▶ [Collected data]:
::::::

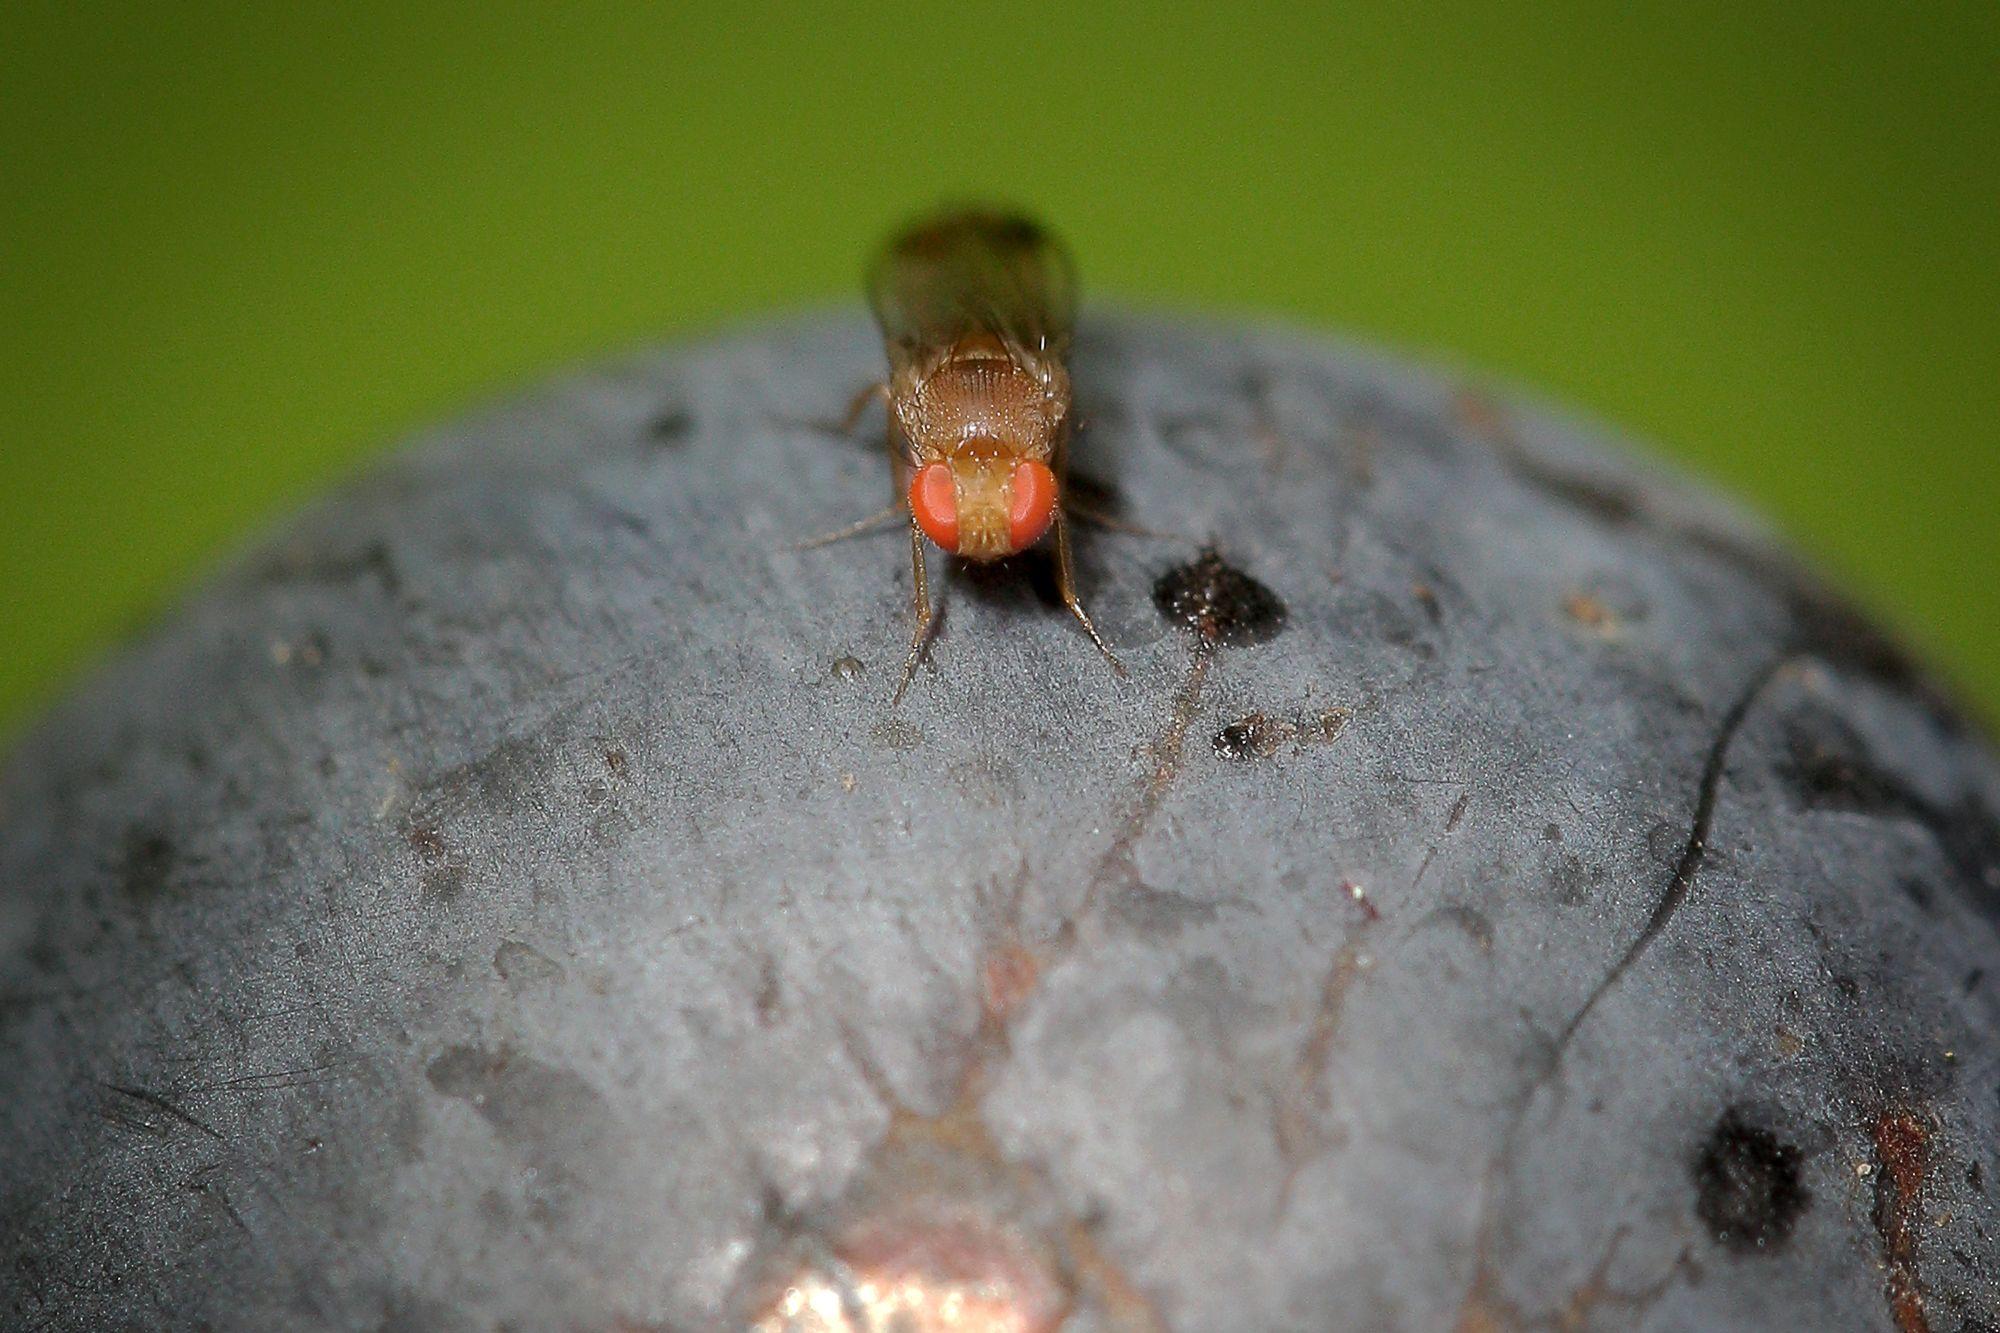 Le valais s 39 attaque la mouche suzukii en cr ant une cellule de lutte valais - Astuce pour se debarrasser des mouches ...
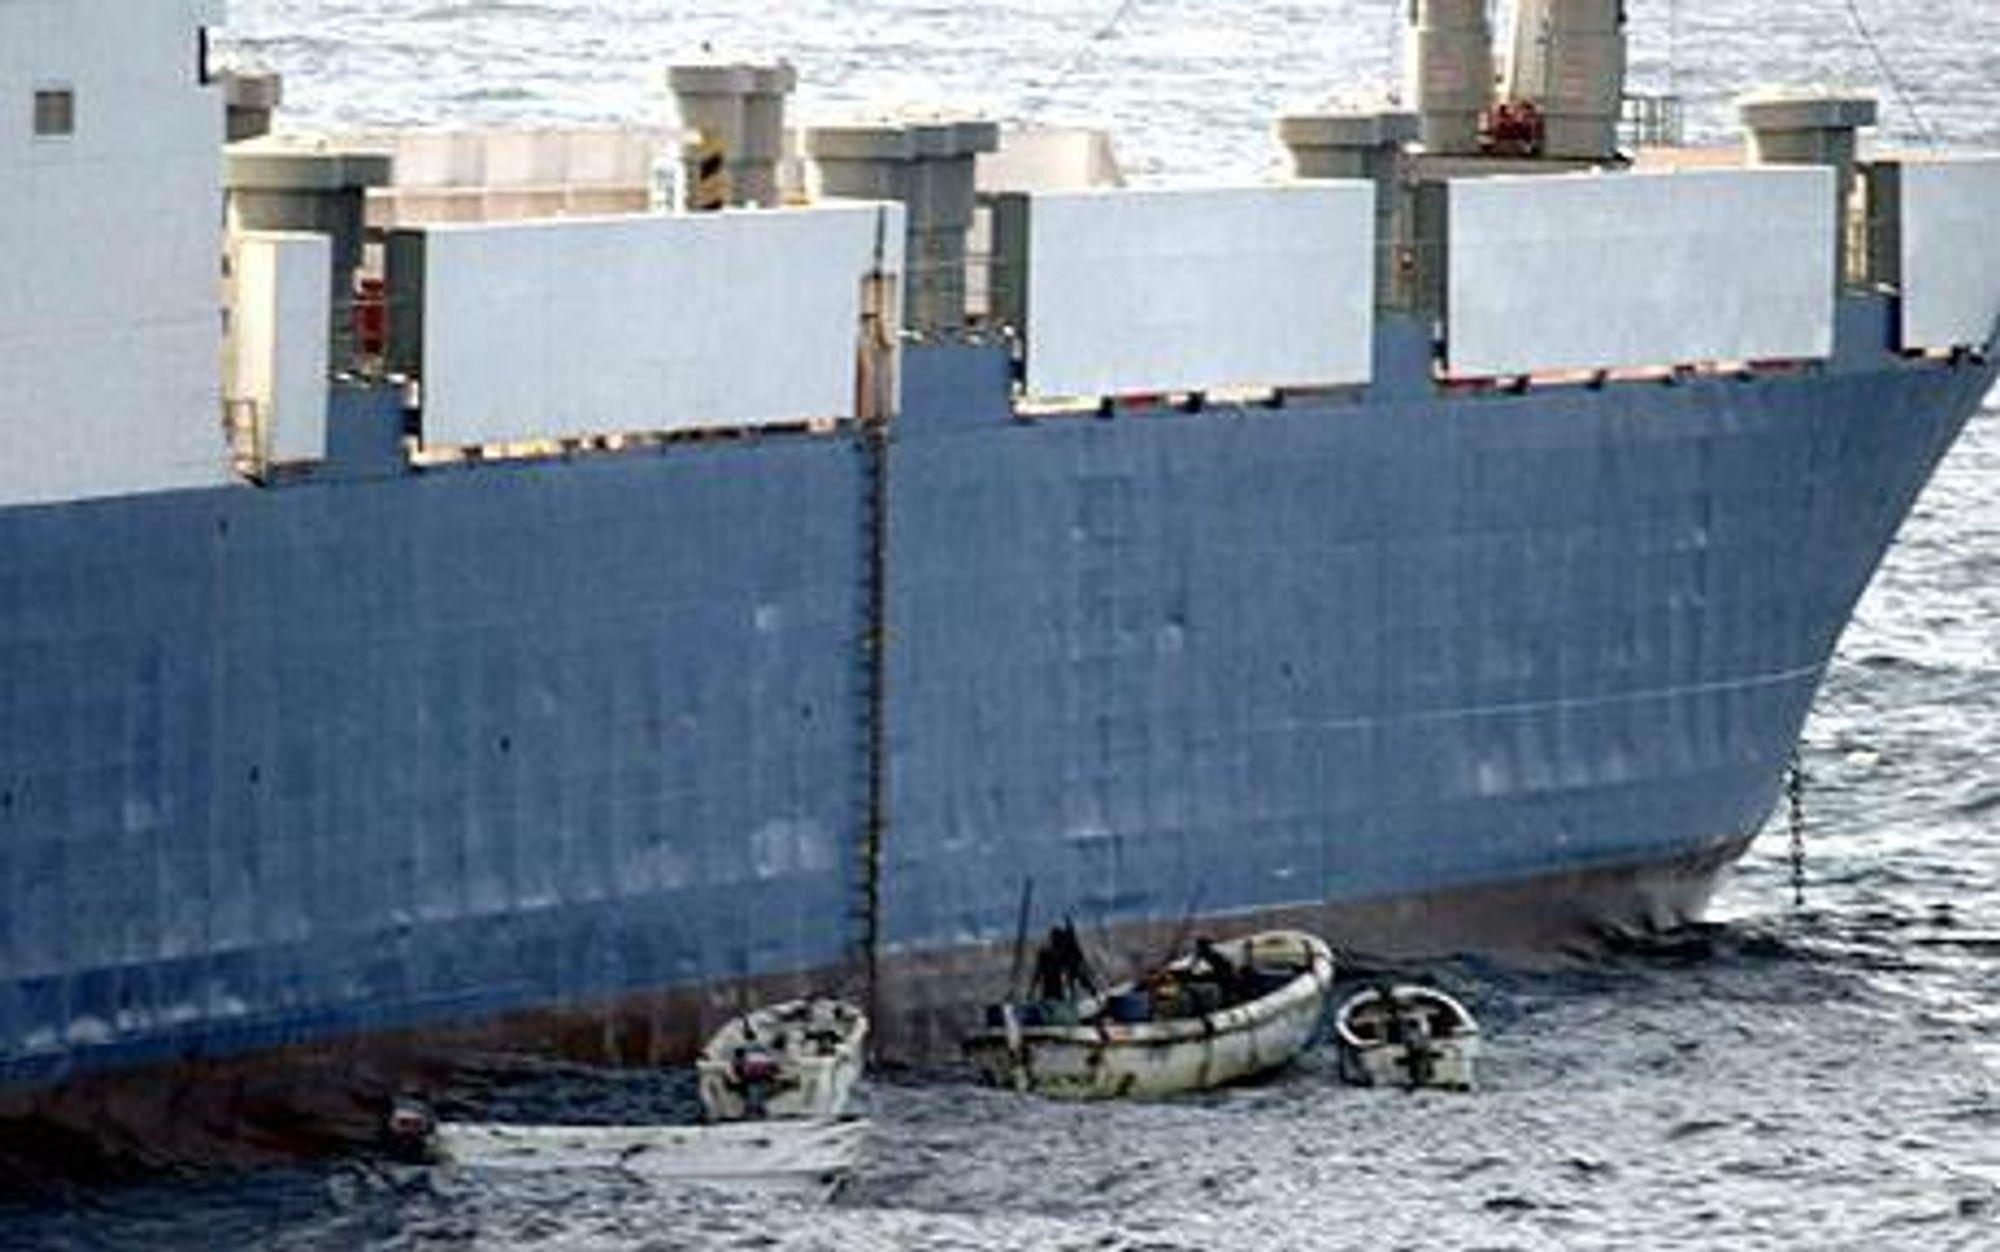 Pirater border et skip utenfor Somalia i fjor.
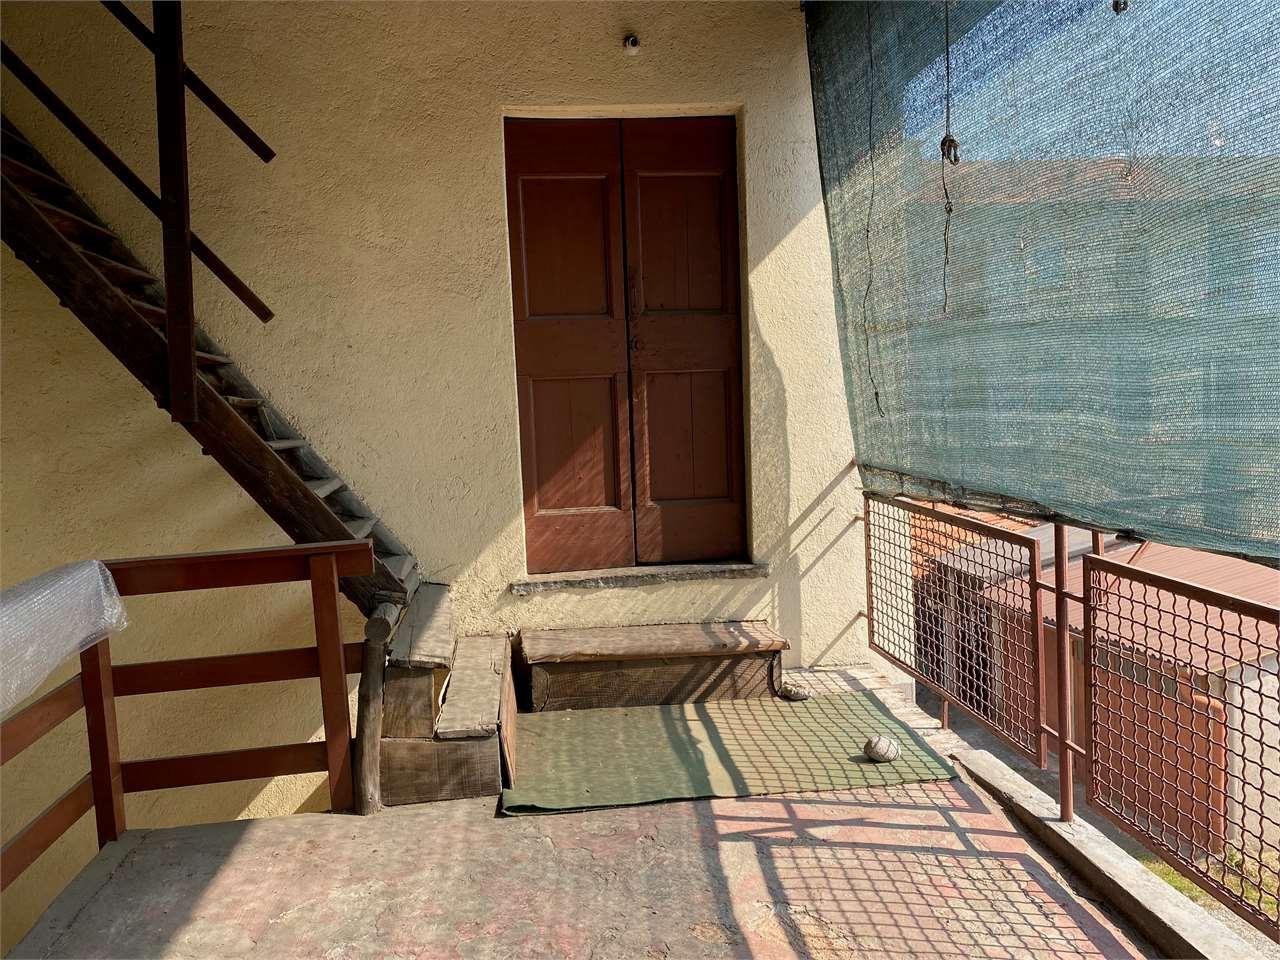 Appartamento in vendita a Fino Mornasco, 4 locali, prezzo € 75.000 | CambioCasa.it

::::::

▶ [Required work]:
Your copy must begin at the line containing "Pirater border et" and end at the last line of the material above. Reproduce each line exactly, but not the pictures.

▶ [Final answer]:
 Pirater border et skip utenfor Somalia i fjor.
 Appartamento in vendita a Fino Mornasco, 4 locali, prezzo € 75.000 | CambioCasa.it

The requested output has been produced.